In the early stages of designing graphical user interfaces (GUIs), the look (appearance) can be easily presented by sketching, but the feel (interactive behaviors) cannot, and often requires an accompanying description of how it works (Myers et al. 2008). We propose to use crowdsourcing to augment early sketches with interactive behaviors generated, used, and reused by collective "wizards-of-oz" as opposed to a single wizard as in prior work (Davis et al. 2007).
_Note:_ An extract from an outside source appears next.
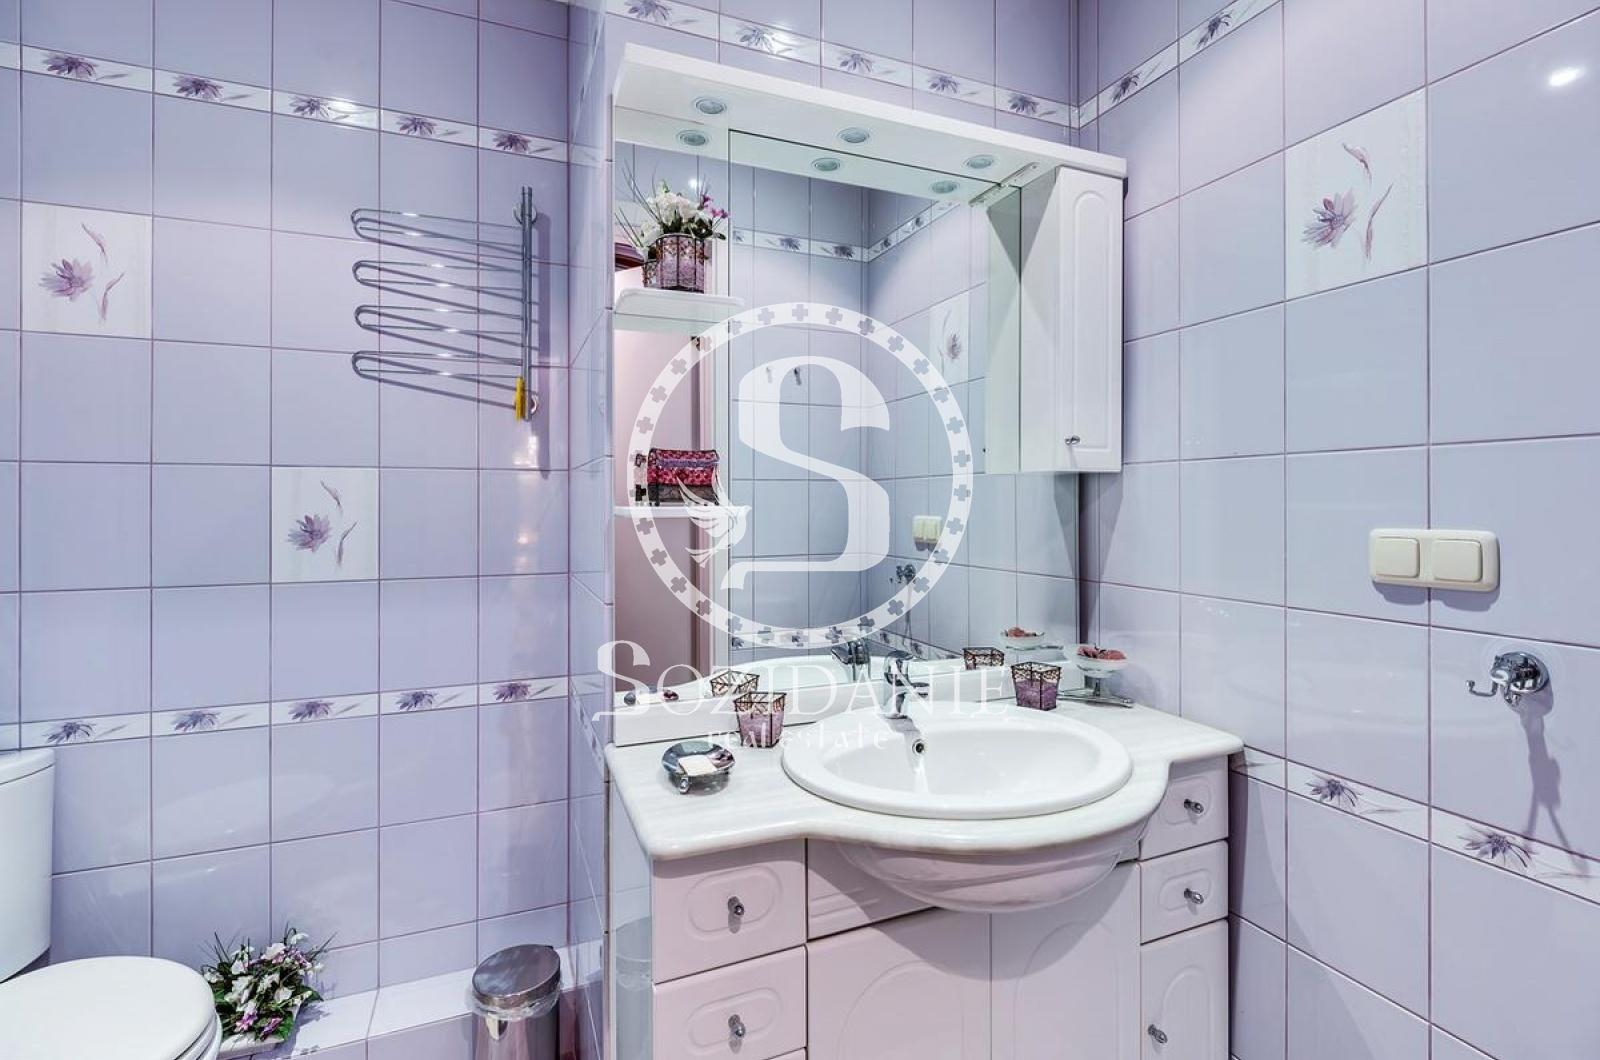 6 Комнаты, Городская, Продажа, Улица 1-я Тверская-Ямская, Listing ID 3472, Москва, Россия,

This demo presents an extension of Apparition (Lasecki et al. 2015), a crowd-powered prototyping tool that allows end users to create functional GUIs using speech and sketch. In Apparition, crowd workers collaborate in real-time on a shared canvas to refine the user-requested sketch interactively, and with the assistance of the end users. Our demo extends this functionality to let crowd workers "demonstrate" the canvas changes that are needed for a behavior and refine their demonstrations to improve the fidelity of interactive behaviors. The system then lets workers "remix" these behaviors to make creating future behaviors more efficient.